**ABOUT THIS TASK**
Copy the listing exactly, leaving out every picture.

**DATA PROVIDED**

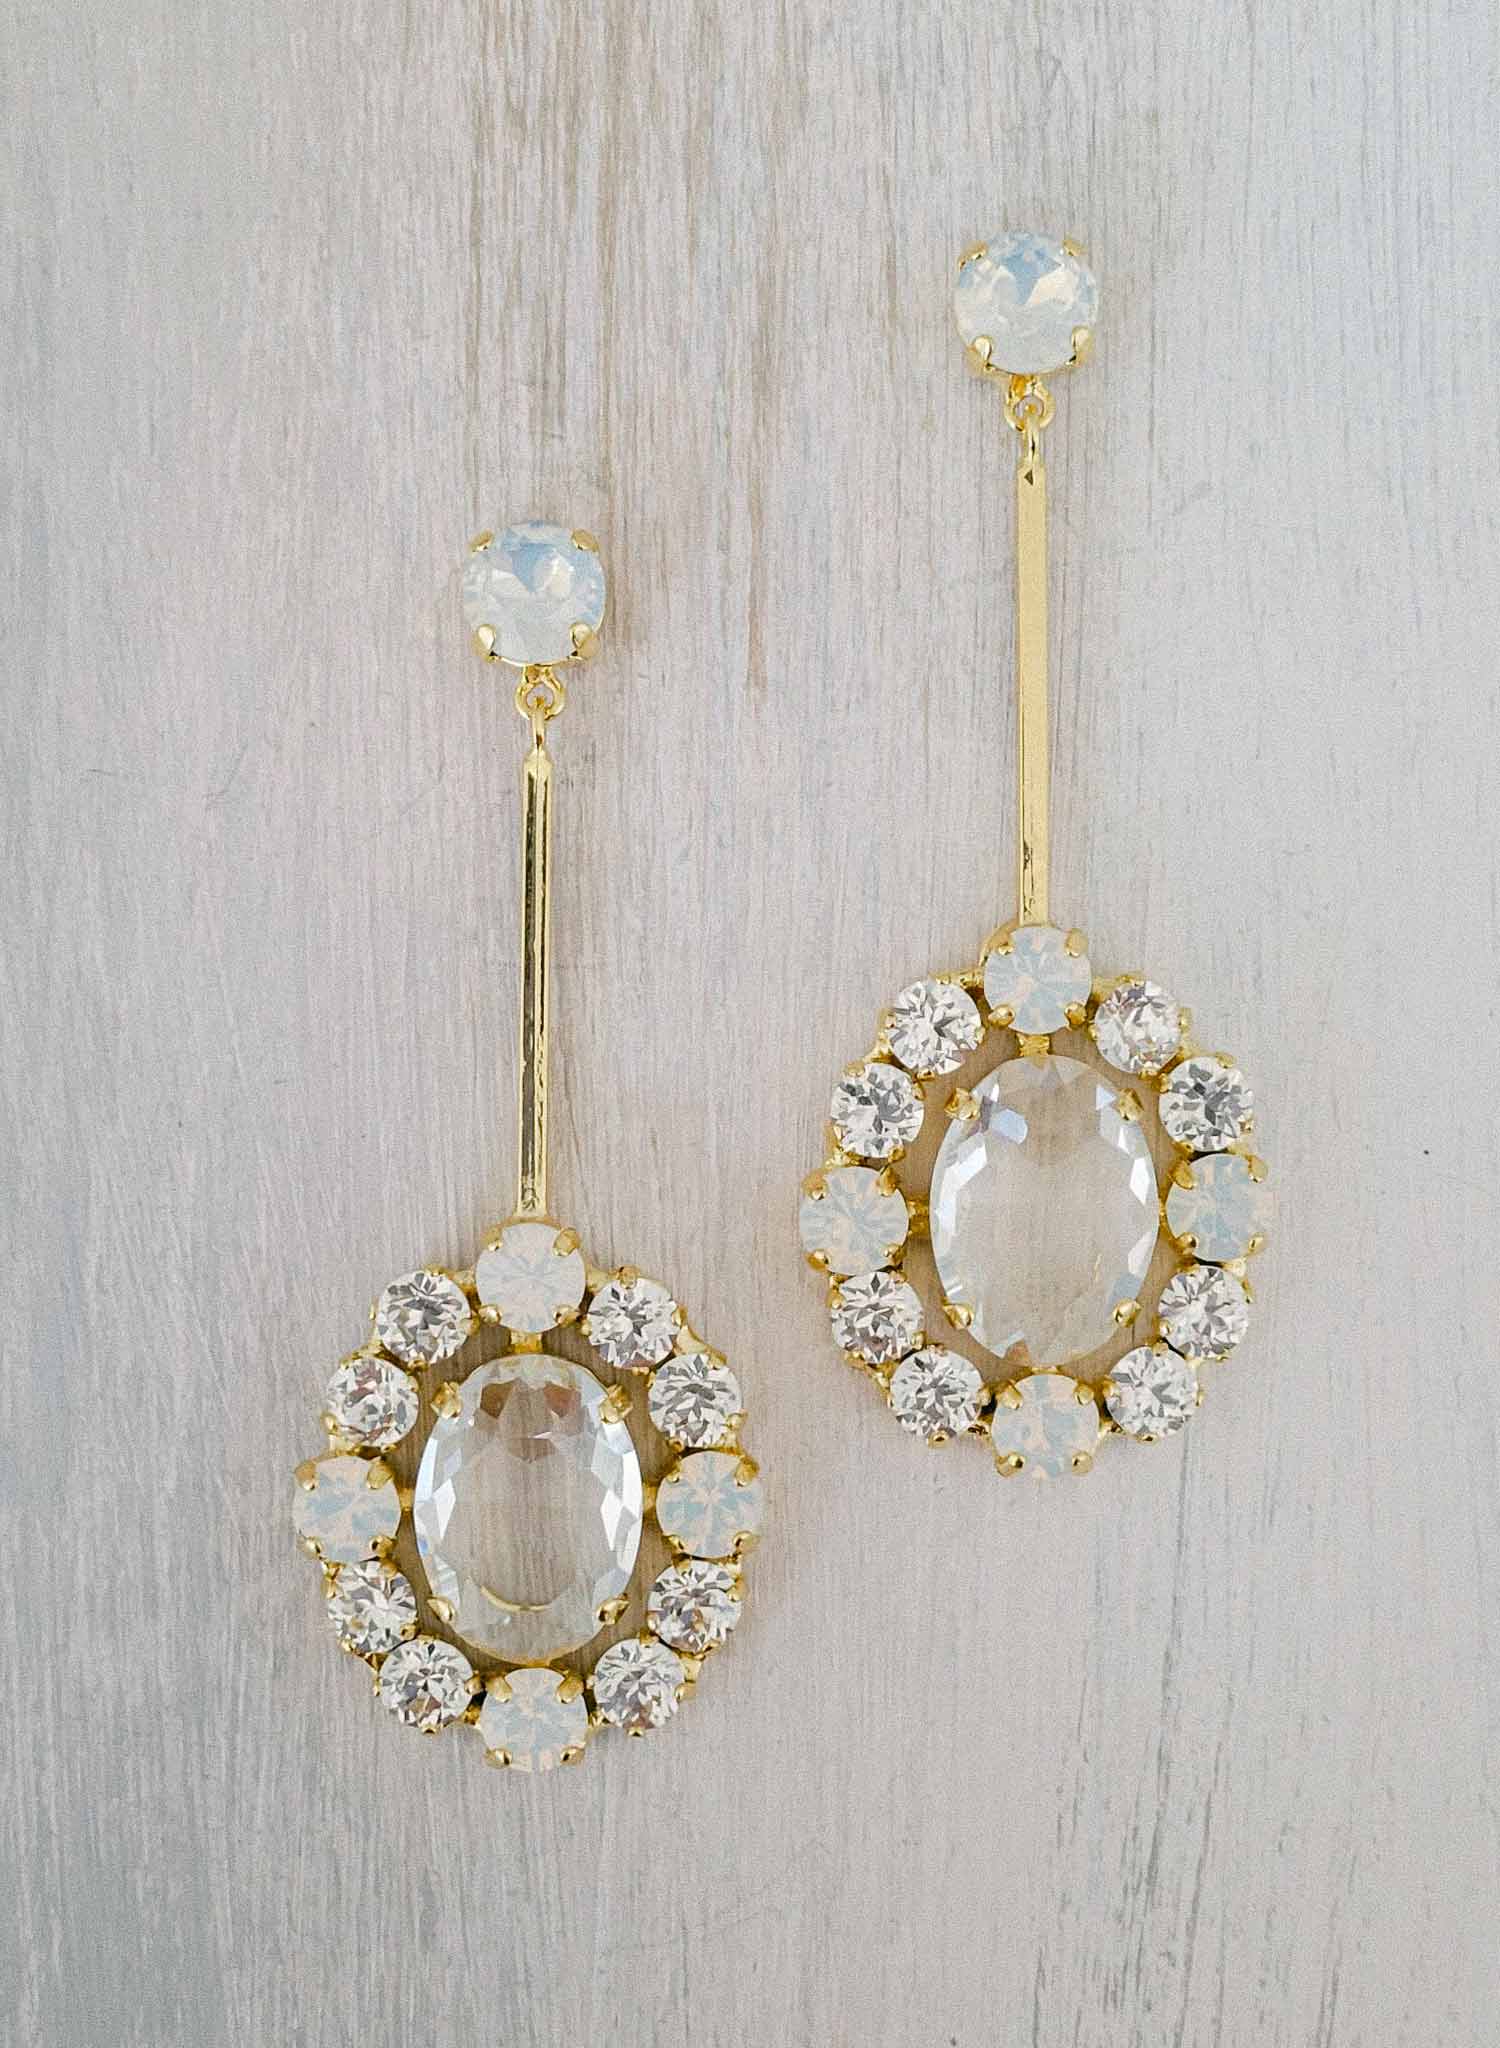 Dangling encircled oval crystal earrings - Style #2382
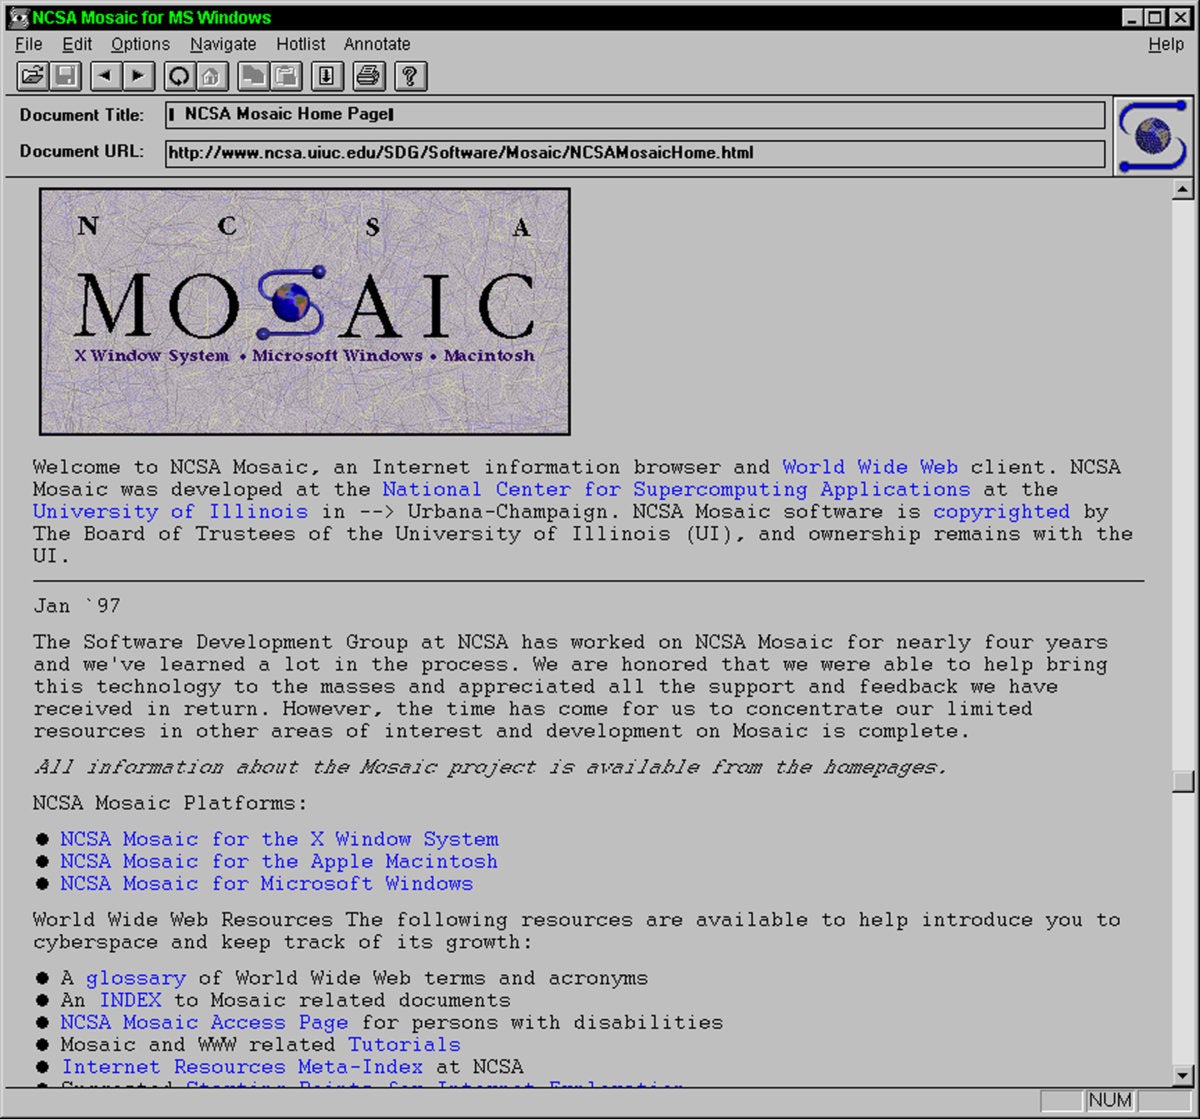 mosaic web browser
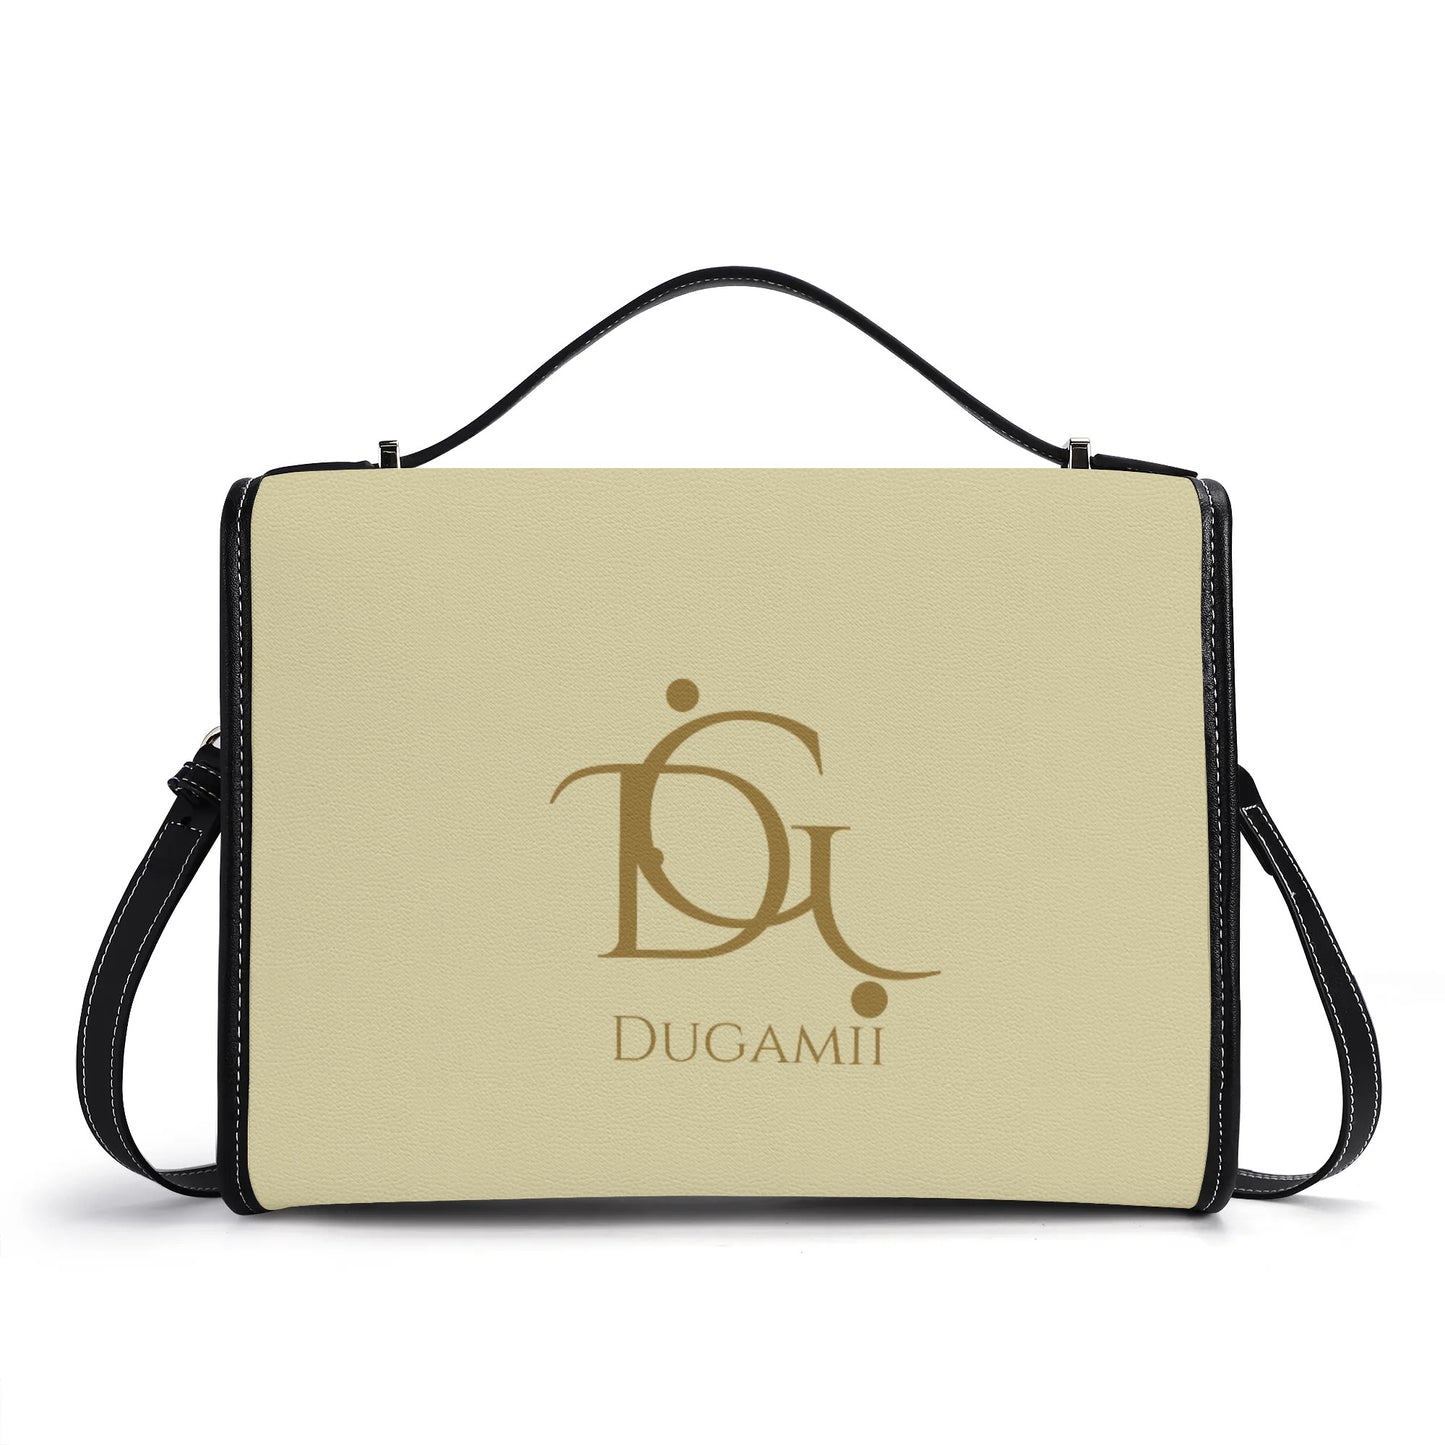 Womens DuGamii PU Leather  Bone Color Satchel Bag

**ANSWER FOR THE TASK**
 Dangling encircled oval crystal earrings - Style #2382
 mosaic web browser
 Womens DuGamii PU Leather  Bone Color Satchel Bag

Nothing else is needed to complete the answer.